United States District Court, W.D. Washington, Seattle

July 22, 2019

WEYERHAEUSER COMPANY, Plaintiff,
v.
NOVAE SYNDICATE 2007, et al., Defendants.

          ORDER TO SHOW CAUSE WHY THIS CASE SHOULD NOT BE DISMISSED AS NONJUSTICIABLE

          THE HONORABLE JAMES L. ROBART U.S. DISTRICT COURT JUDGE

         Plaintiff Weyerhaeuser Company (“Weyerhaeuser”) seeks a judgment under the Declaratory Judgment Act, 28 U.S.C. § 2201, that Weyerhaeuser is not required to arbitrate any coverage dispute that may arise under the excess liability policies it purchased from Defendants Novae Syndicate 2007, Apollo Liability Consortium 9984, ANV Casualty Consortium 9148, SCOR UK Company Ltd., Starstone Syndicate 1301, Hiscox Dedicated Corporate Member Limited as representative member of Syndicate 33 at Lloyd's, and Starr Underwriting Agents Ltd. (collectively, “Defendants”). (See generally Compl. (Dkt. # 1).) For the reasons discussed below, the court ORDERS the parties to show cause, within seven days of the filing date of this order, why this action should not be dismissed as nonjusticiable.

         The concept of justiciability “expresses the jurisdictional limitations imposed upon federal courts by the ‘case or controversy' requirement” of Article III of the United States Constitution. See Corrie v. Caterpillar, Inc., 503 F.3d 974, 980 (9th Cir. 2007) (citation omitted); U.S. Const., art. III, § 2. Justiciability is a threshold matter that courts have an independent obligation to evaluate, sua sponte, if necessary, before reaching the merits of a case. See, e.g., Am. Civil Liberties Union of Nev. v. Lomax, 471 F.3d 1010, 1015 (9th Cir. 2006); see also Toumajian v. Frailey, 135 F.3d 648, 652 (9th Cir. 1998) (“In this action, as in all actions before a federal court, the necessary and constitutional predicate for any decision is a determination that the court has jurisdiction-that is[, ] the power- to adjudicate the dispute.”).

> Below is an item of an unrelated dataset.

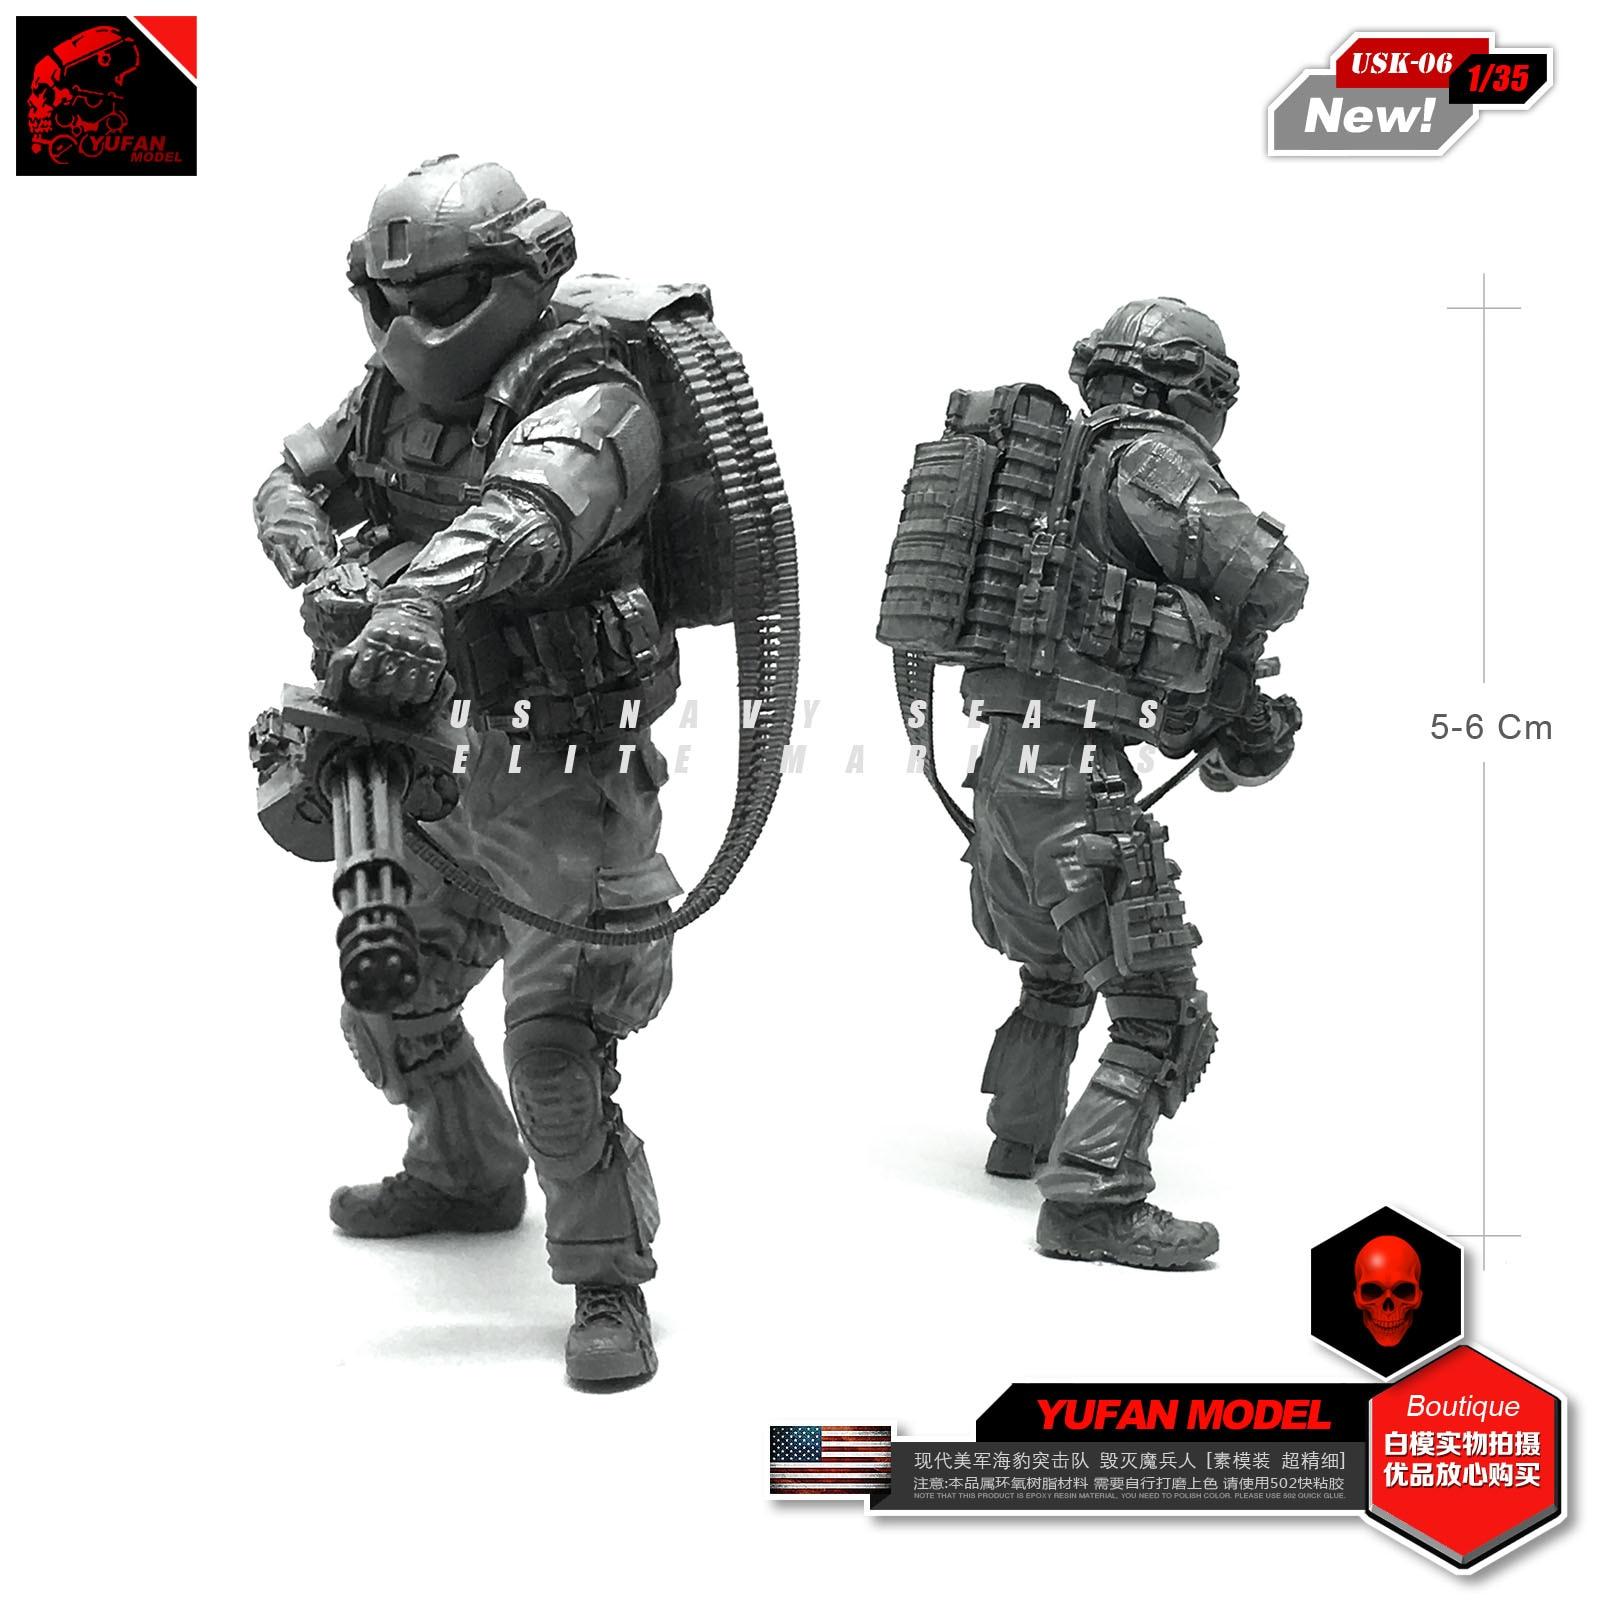 Yufan Model 1/35 Modern Us Seal Destruction Warrior Model Assembled Model  Kit Usk-06

         The Declaratory Judgment Act provides, in relevant part, that, “[i]n a case of actual controversy within its jurisdiction, . . . any court of the United States . . . may declare the rights and other legal relations of any interested party seeking such declaration, whether or not further relief is or could be sought.” 28 U.S.C. § 2201(a). The phrase “case of actual controversy” refers to the types of cases and controversies that are justiciable under Article III of the Constitution. See MedImmune, Inc. v. Genentech, Inc., 549 U.S. 118, 126-27 (2007). An actual controversy exists within the meaning of the Declaratory Judgment Act when the dispute is “definite and concrete, touching the legal relations of parties having adverse legal interests.” Id. at 127 (quoting Aetna Life Ins. Co. v. Haworth, 300 U.S. 227, 240-41 (1937)). Further, the dispute must be “real and substantial and admit of specific relief through a decree of a conclusive character, as distinguished from an opinion advising what the law would be upon a hypothetical set of facts.” Id. (internal quotation marks omitted). The basic question in each case is “whether the facts alleged, under all the circumstances, show that there is a substantial controversy, between parties having adverse legal interests, of sufficient immediacy and reality to warrant the issuance of a declaratory judgment.” Id. (quoting Md. Cas. Co. v. Pac. Coal & Oil Co., 312 U.S. 270, 273 (1941)). Even where the Article III requirement of an actual controversy is satisfied, the district court's exercise of its declaratory judgment authority is discretionary. See Gov't Emps. Ins. Co. v. Dizol, 133 F.3d 1220, 1222-23 (9th Cir. 1998).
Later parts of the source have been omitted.